RuntimeError: Trying to backward through the graph a second time, but the buffers have already been freed. Specify retain_graph=True when calling backward the first time

Ices_Lee · June 30, 2022, 3:25am

I encounter this situation too.
My training code is as below:


class testNet(nn.Module):
  def __init__(self):
      super(testNet, self).__init__()
      self.layers = nn.ModuleList([])
      self.posemb = nn.Linear(2, 40)
      for i in range(3):
          self.layers.append(nn.Linear(2, 40))

      self.bias = None

  def forward(self, x, idx):
      if self.bias is None:
          self.bias = self.posemb(x).reshape(-1, 20, 2)
      pred = self.layers[idx](x)
      pred = pred.reshape(-1, 20, 2) + self.bias
      return pred

if __name__ == '__main__':

  net = testNet()
  for b in range(3):
      x = torch.rand(4, 2)
      label = torch.rand(4, 20, 2)

      ll = []
      for i in range(3):
          pred = net(x, i)
          x = pred[:, 0, :]
          ll.append(torch.norm(pred - label, p=-1).mean())

      loss = torch.stack(ll).mean()
      loss.backward()
      print('batch: %d | loss: %f' % (b, loss.item()))

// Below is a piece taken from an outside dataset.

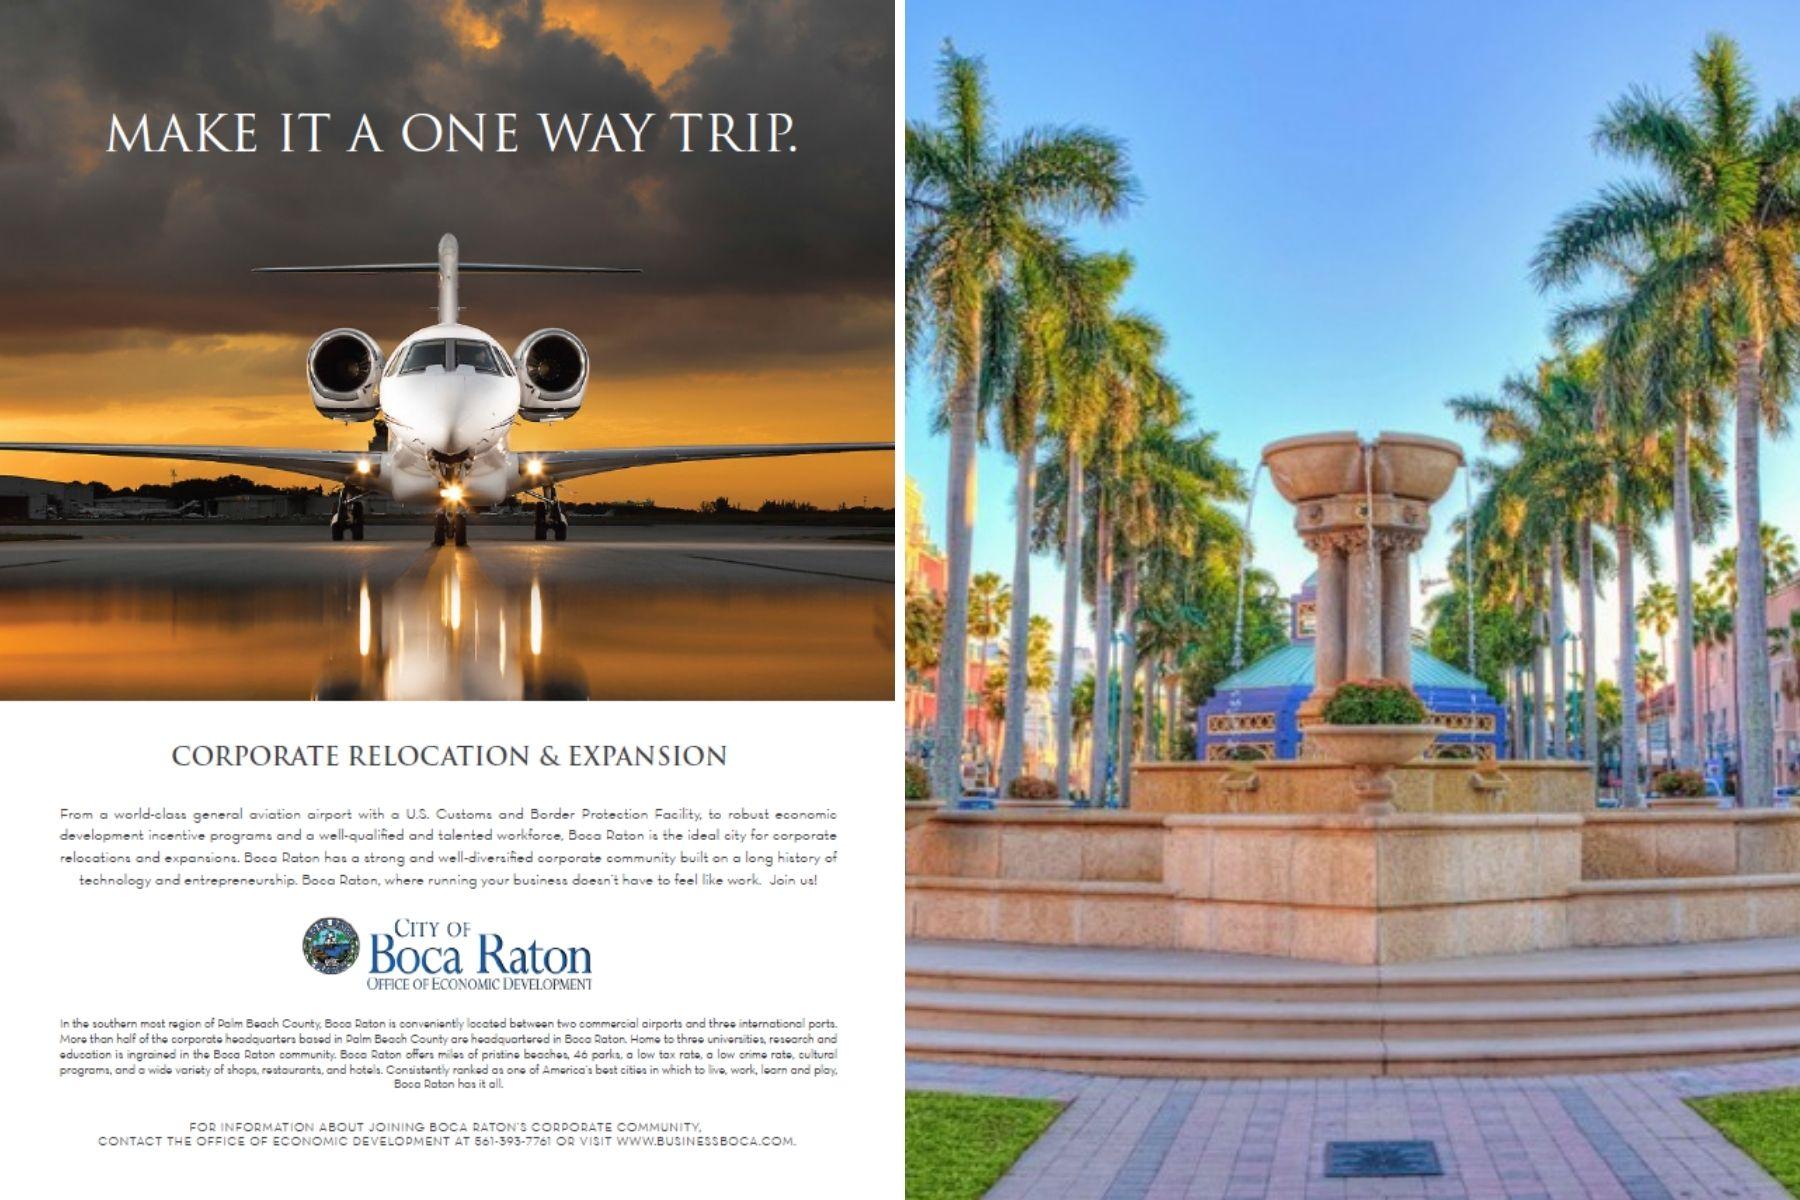 Privaira partnership with the City of Boca Raton
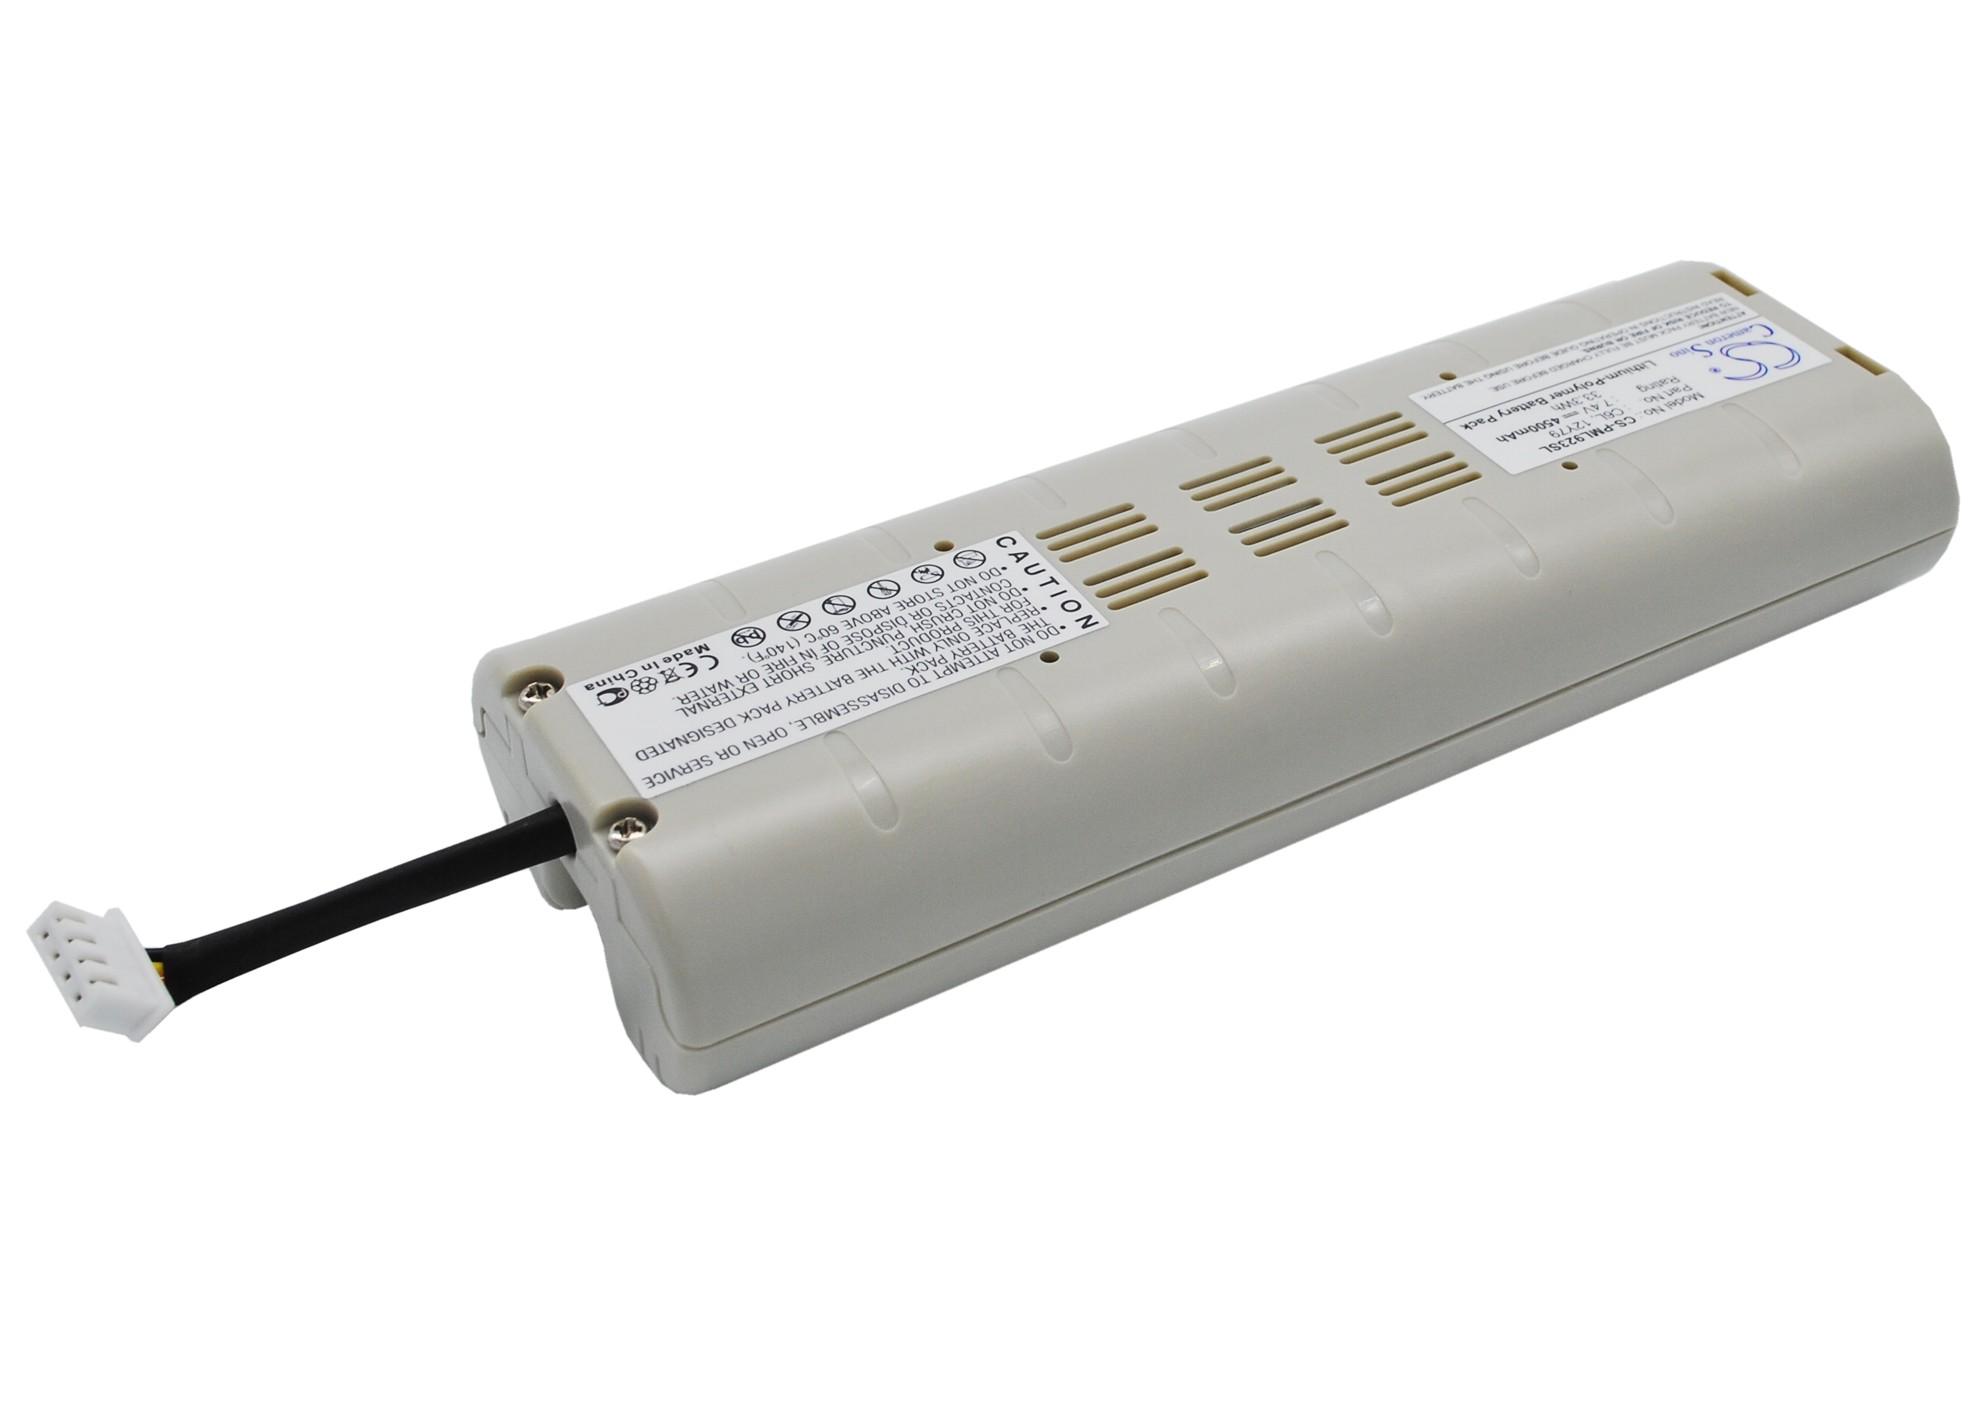 Cameron Sino baterie do digitálních rádií pro PURE Evoke-2XT 7.4V Li-Polymer 4500mAh šedá bílá - neoriginální

In the first train loop, everything is ok, but in the second loop, it will give me this error.
I have checked for a long time, and finally find out the problem is in my network.
In my forward function, I will save a intermedium variable to save extra calculation.
In the second loop, this variable should to be calculate again, but my judgement condition skip the recalculate process, so the grad graph of this intermedium variable is being cleared.
After I change

if self.bias is None:
        self.bias = self.posemb(x).reshape(-1, 20, 2)

to

if idx == 0:
        self.bias = self.posemb(x).reshape(-1, 20, 2)

the problem is solved!